Dalla has been on Indian front pages for years as the shadowy planner of murders across the border state of Punjab. Just ten days prior to his arrest in Canada, Punjab police announced they had uncovered Dalla’s role in the recent murder of a Sikh radical.
“Investigations have revealed that the murder [..] was masterminded from abroad by Arsh Dalla and other persons,” the head of Punjab police said, pinning only the latest in dozens of charges on him.
As news of Dalla’s arrest spread, the Ministry of External Affairs released a statement on Nov. 14 revealing that India had sought his arrest for over two years, including through an Interpol Red Notice. He had been implicated over 50 cases.
This was not a mere criminal. His activities veered into politics.
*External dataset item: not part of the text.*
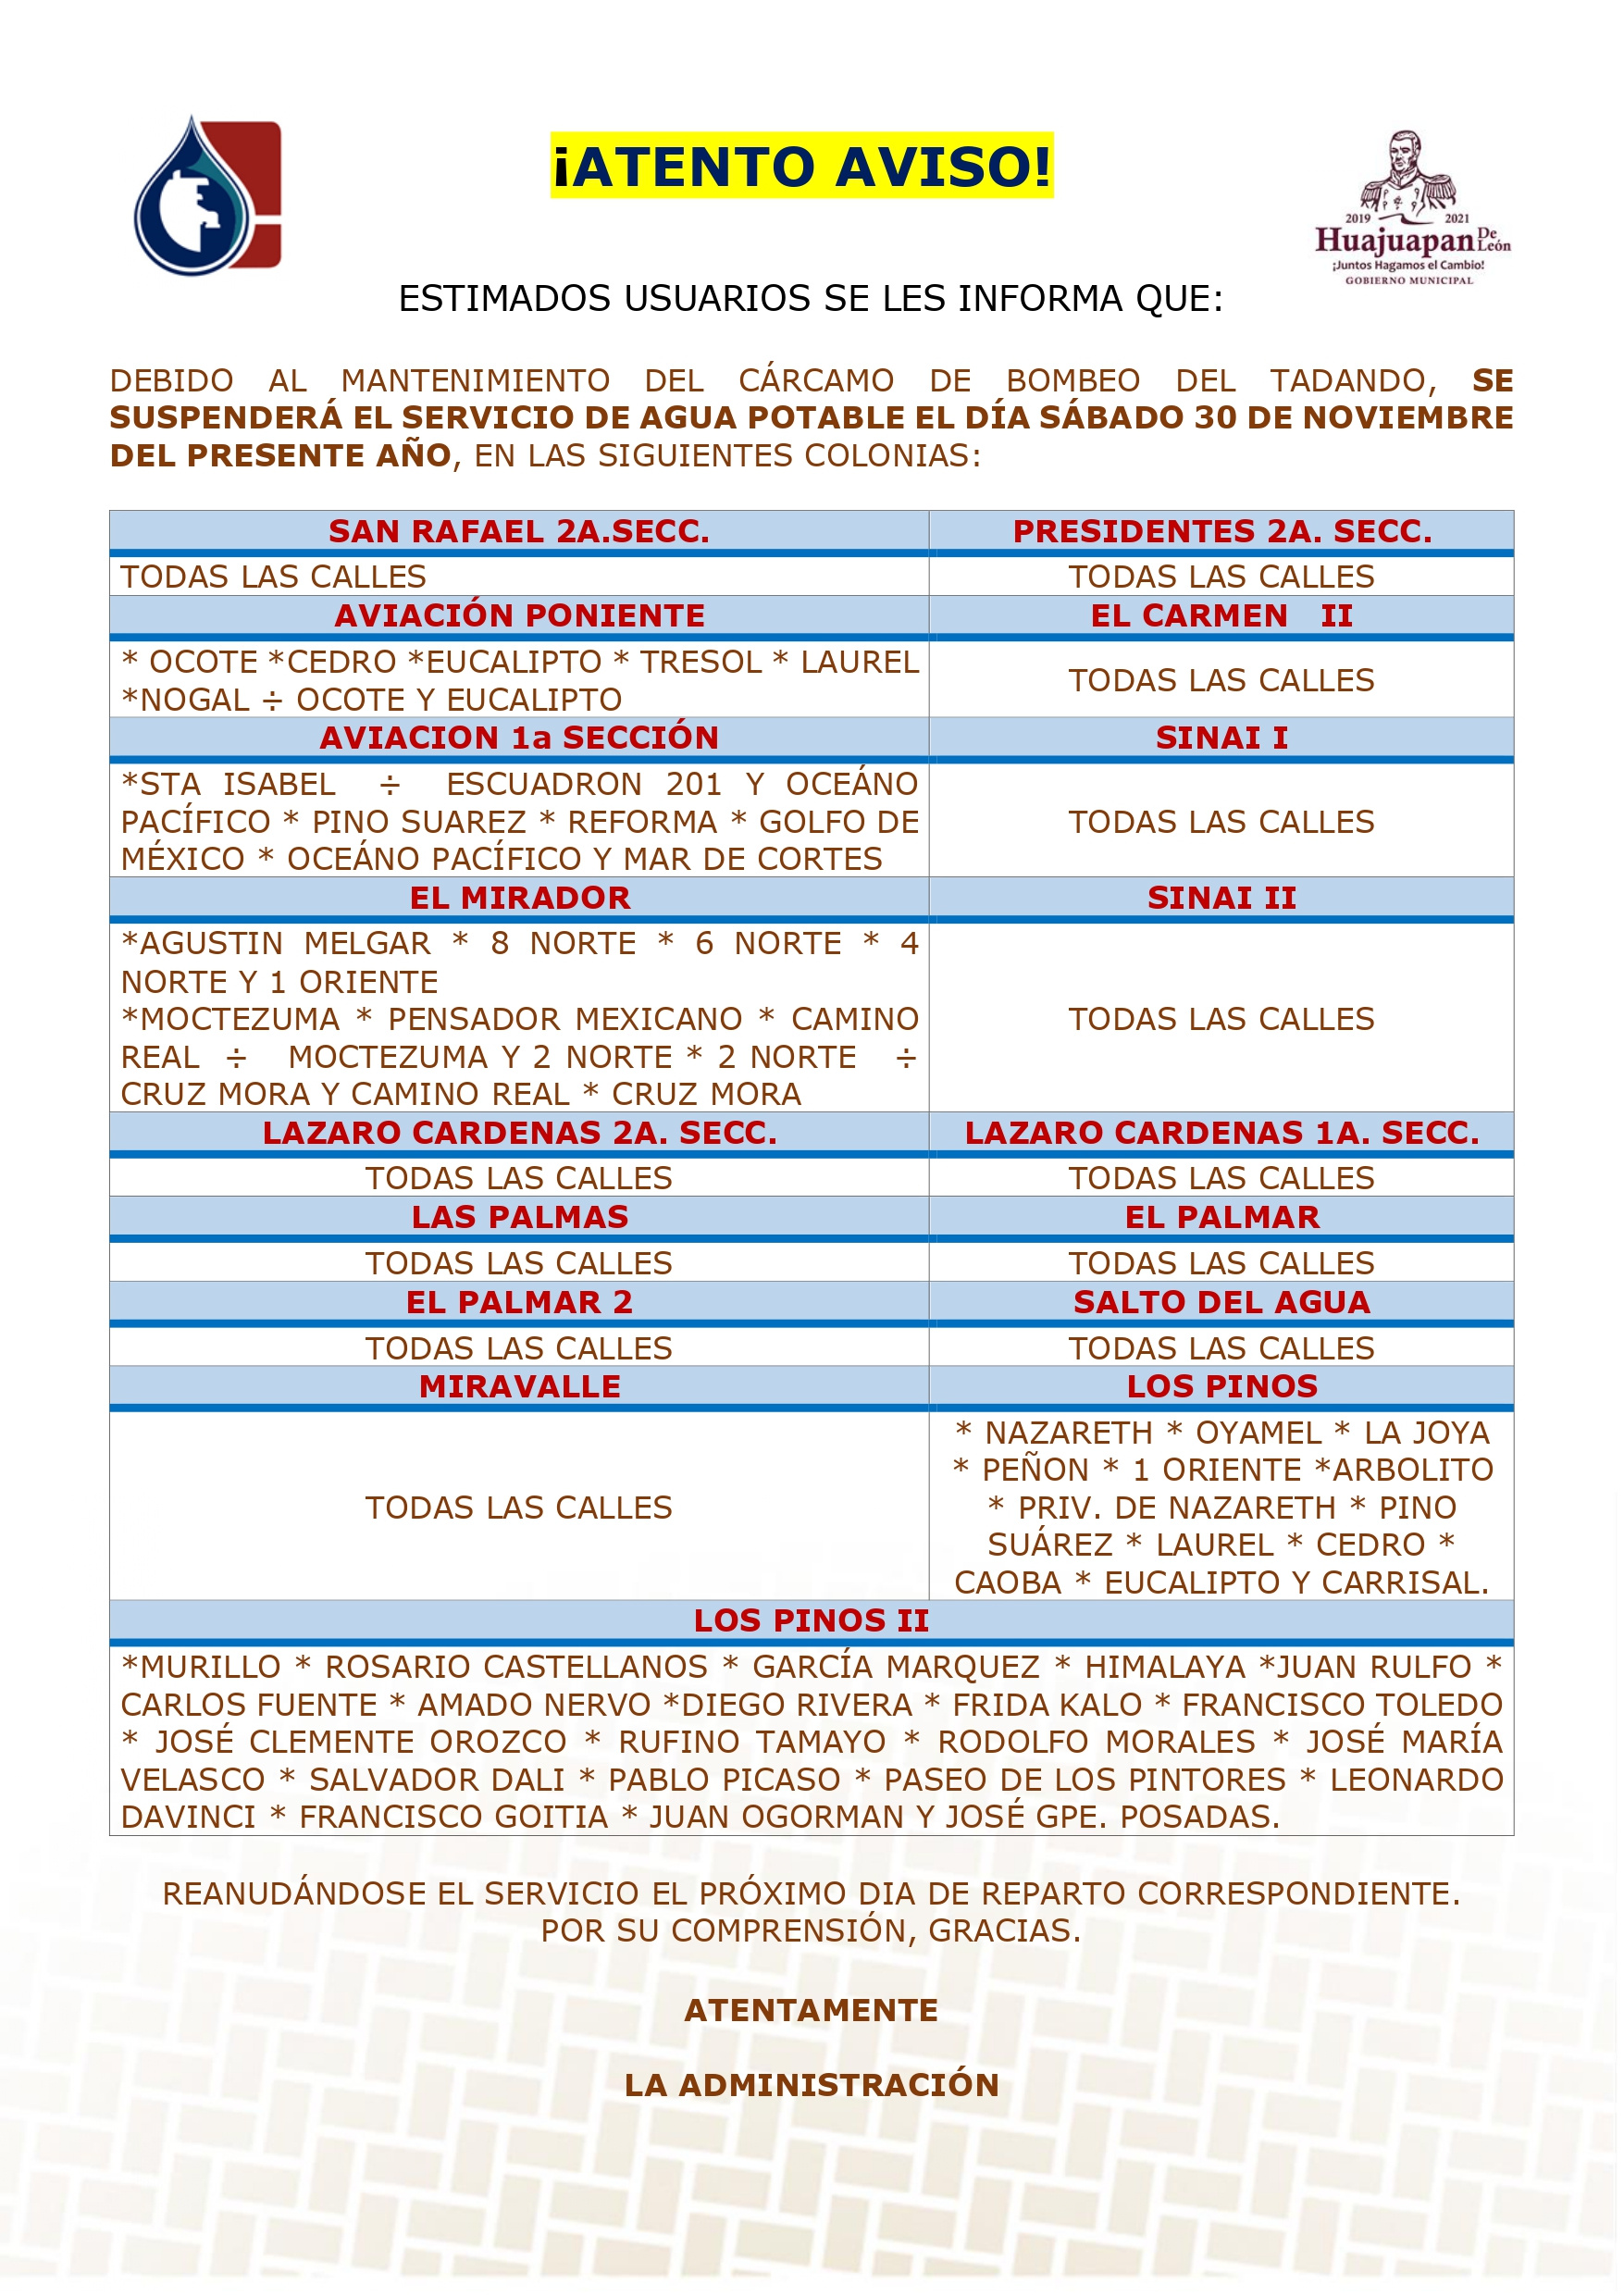 https://0201.nccdn.net/4_2/000/000/076/de9/aviso-caja-tadando-nov-19_page-0001-1755x2481.jpg

He was the “de facto chief” of Khalistan Tiger Force (KTF), the statement charged, naming a militant group working to create a new nation for Sikhs called Khalistan by secession from India.
Now that Canadian authorities had him in custody, the statement said, the Indian government would be seeking his extradition. However, given Canada’s track record on such requests from India, this may turn out to be easier said than done.
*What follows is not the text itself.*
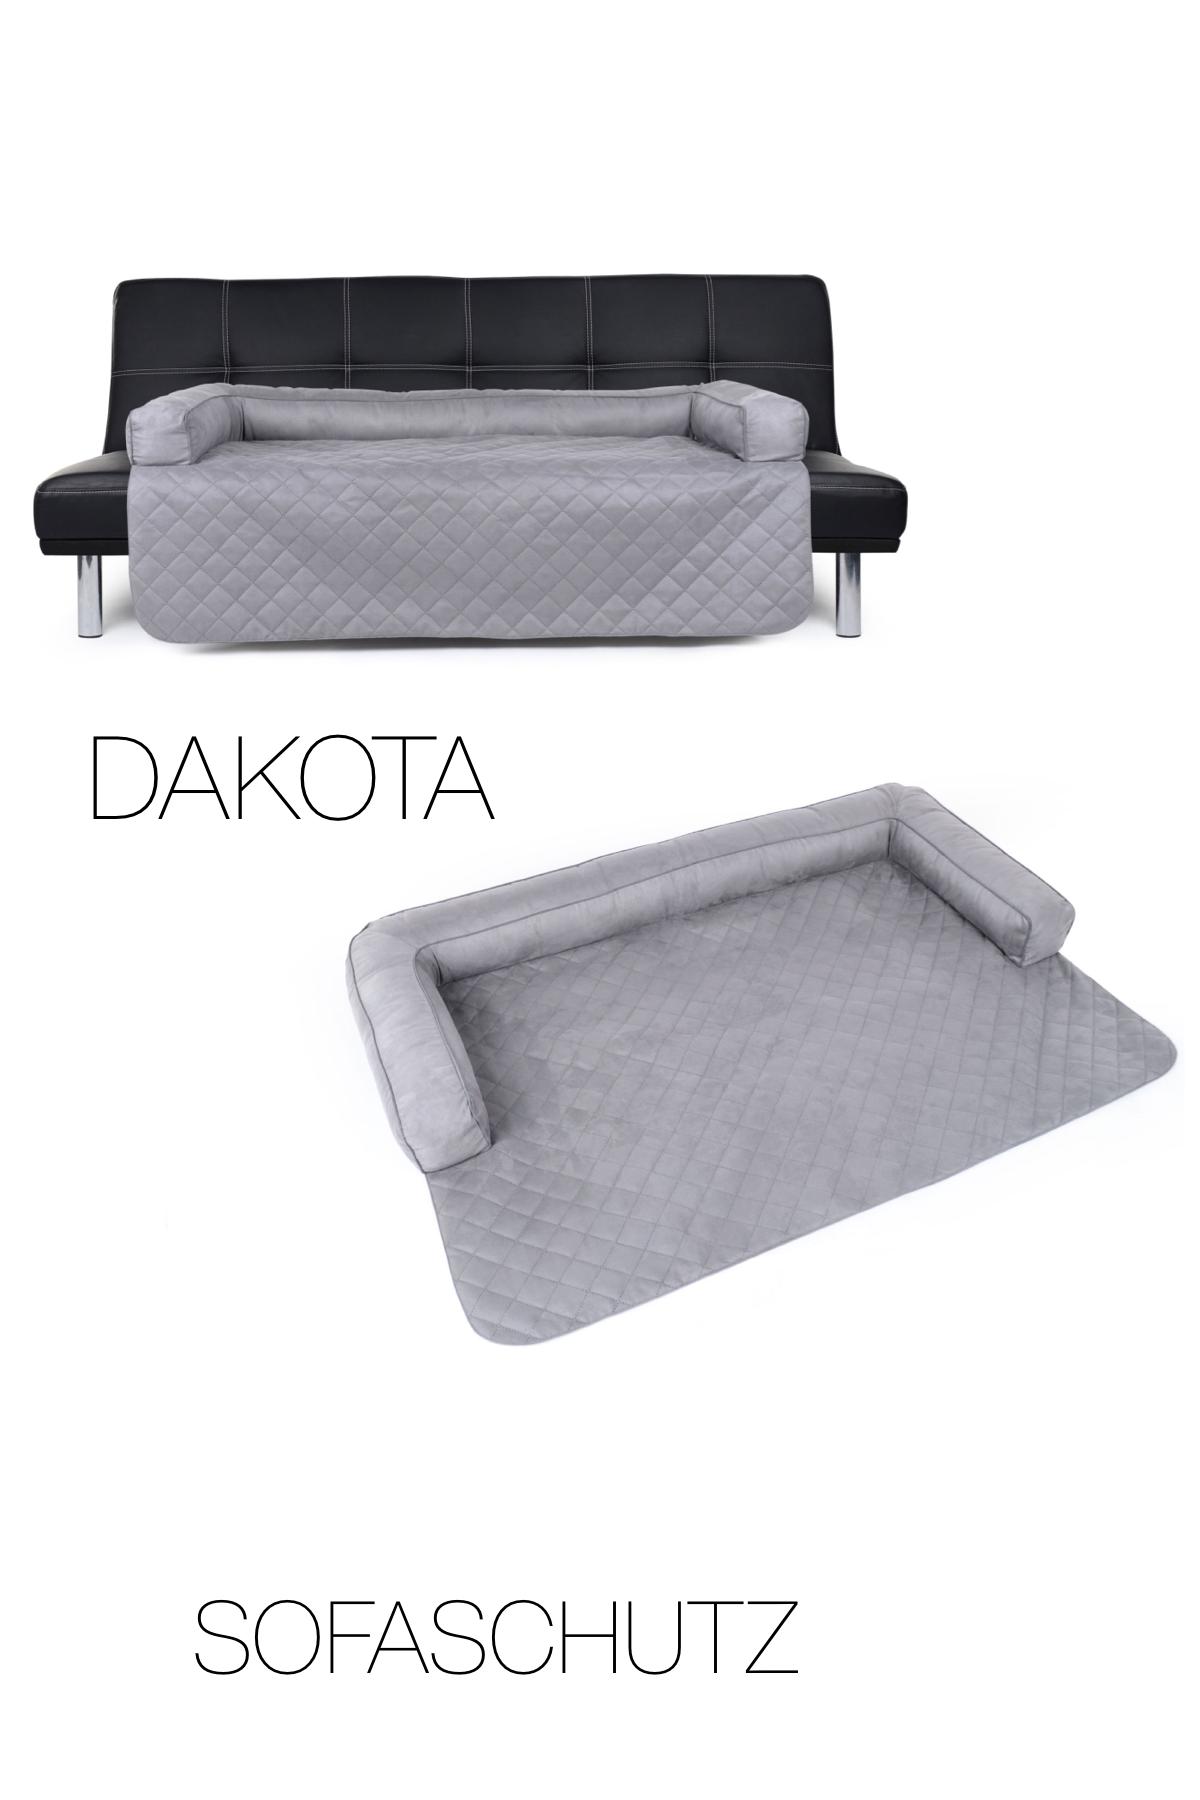 Hunde Sofaschutz Decke Dakota Softline 100x100 Cm Grau Sofaschutz Hundekissen Hunde Couch

Much of what follows is based on allegations in chargesheets published by Indian governmental sources.
Dalla’s bio
Dalla was a small-town gangster in Punjab when he fled to Canada in 2018. Out of reach of Indian authorities, his crime spree intensified. He began financing and orchestrating crimes back home: using drones to transport weapons, contracting with local hitmen, and smuggling in drugs.
He was alleged to be responsible for at least eight murders across Punjab since 2020. In a couple cases Dalla felt invincible enough to announce his own role through social media.
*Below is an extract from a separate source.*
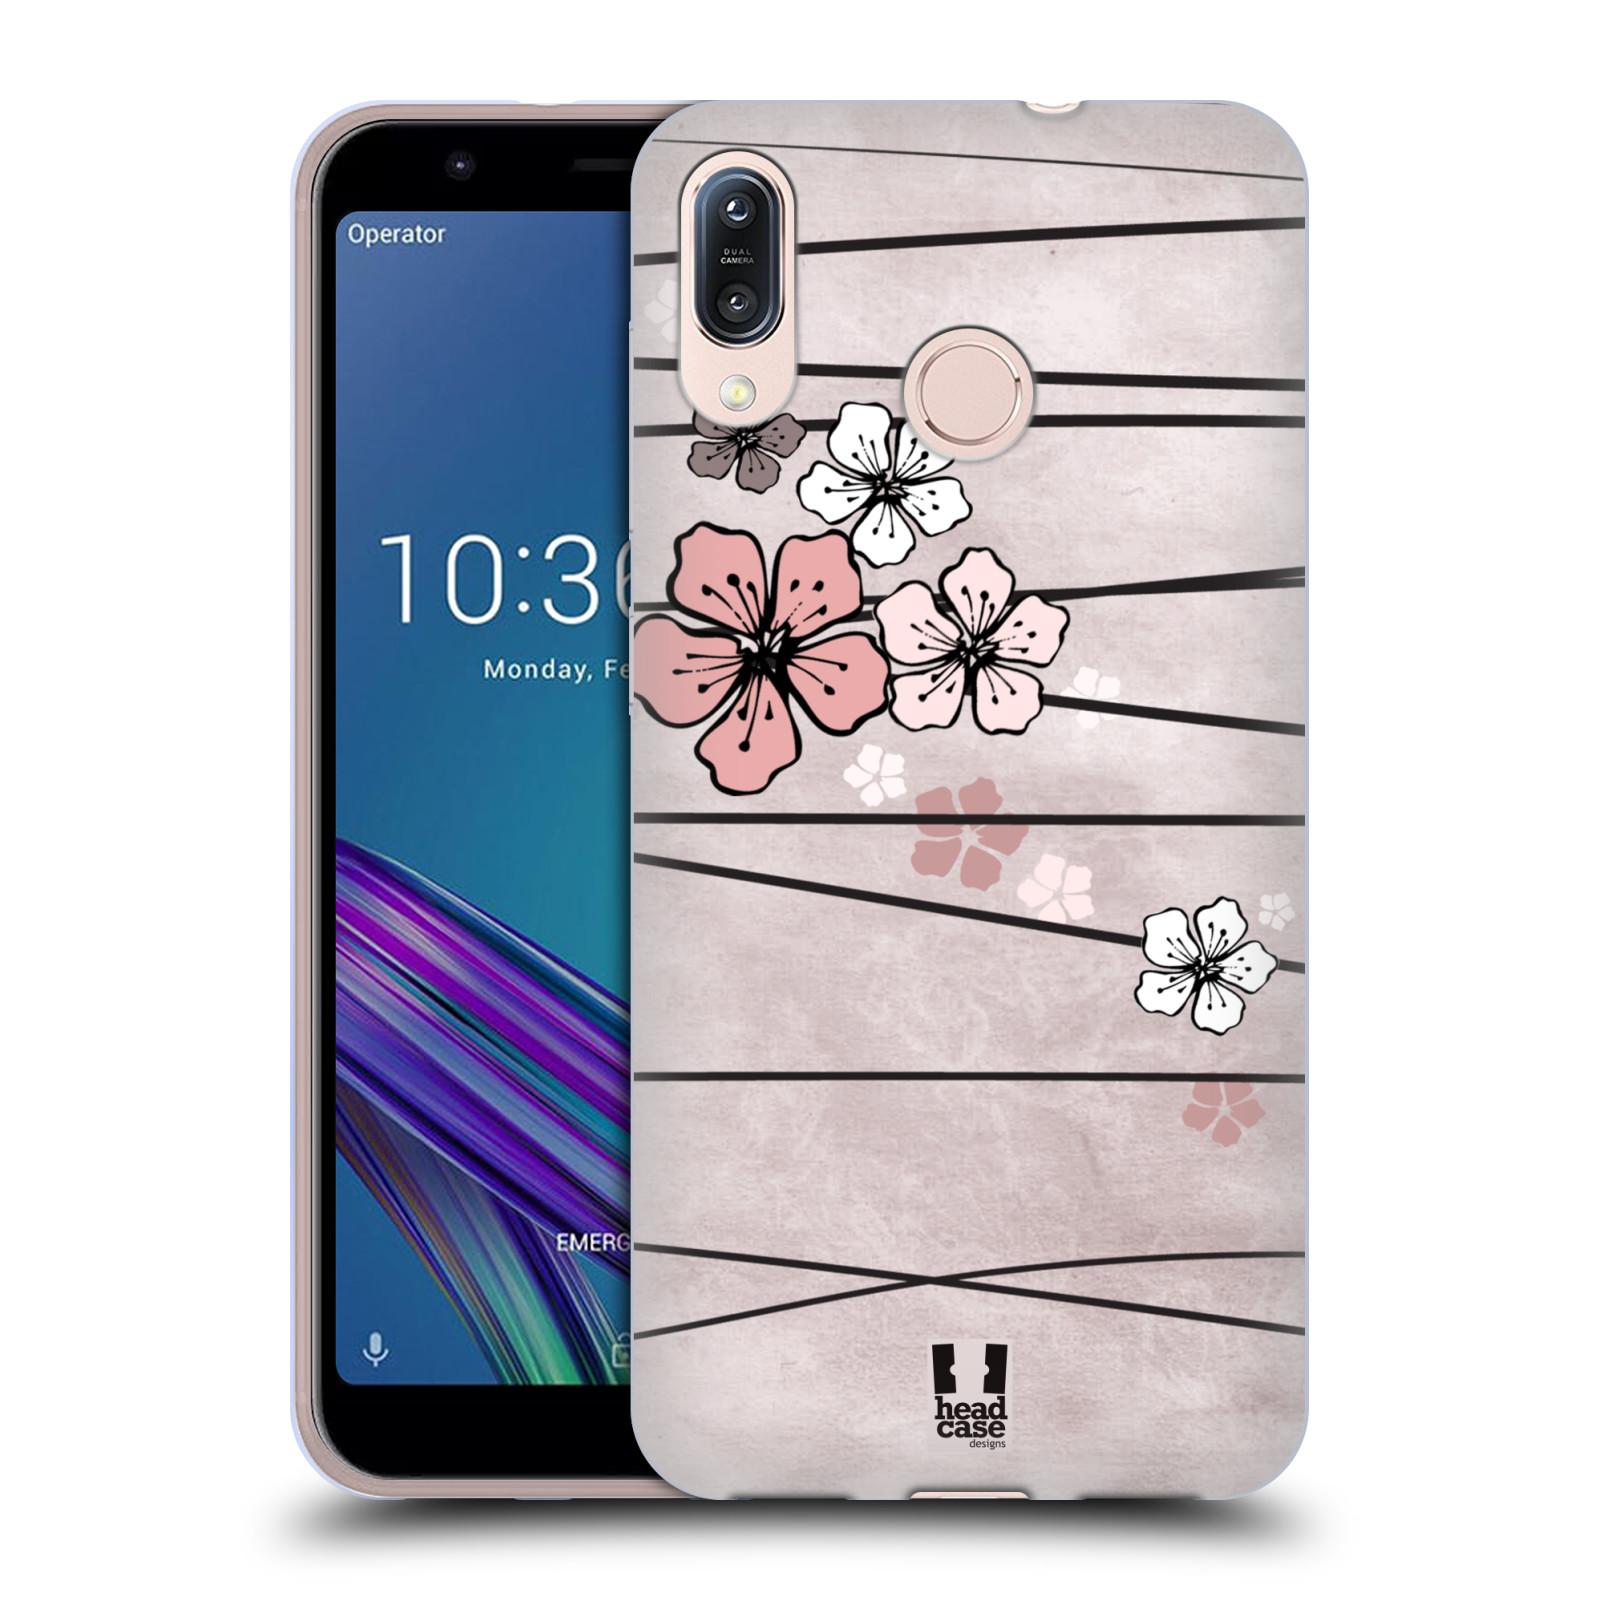 Silikonové pouzdro na mobil Asus Zenfone Max M1 ZB555KL - Head Case - BLOSSOMS PAPER

Surrey, British Columbia, where Dalla eventually settled, is the center of the Khalistan movement in the Sikh diaspora. Here, media reports say, he met Hardeep Singh Nijjar, the late Canada organizer of the separatist group Sikhs For Justice. Nijjar was then the leader of the KTF. Dalla, the Indian investigators claimed, became a KTF operative.
His crimes, that had ranged from extortion to revenge killings, now became tinged with a sectarian flavor. Dalla tried to “disrupt communal harmony,” investigators said, in chargesheet after chargesheet, by targeting leaders of rival sects and religions for murder.
Sacrilege and blasphemy
People familiar with the history of the Khalistan insurgency from the 1980s in India will have felt their nerves tingling. That near civil war, as some have called it, began as a conflict over religion.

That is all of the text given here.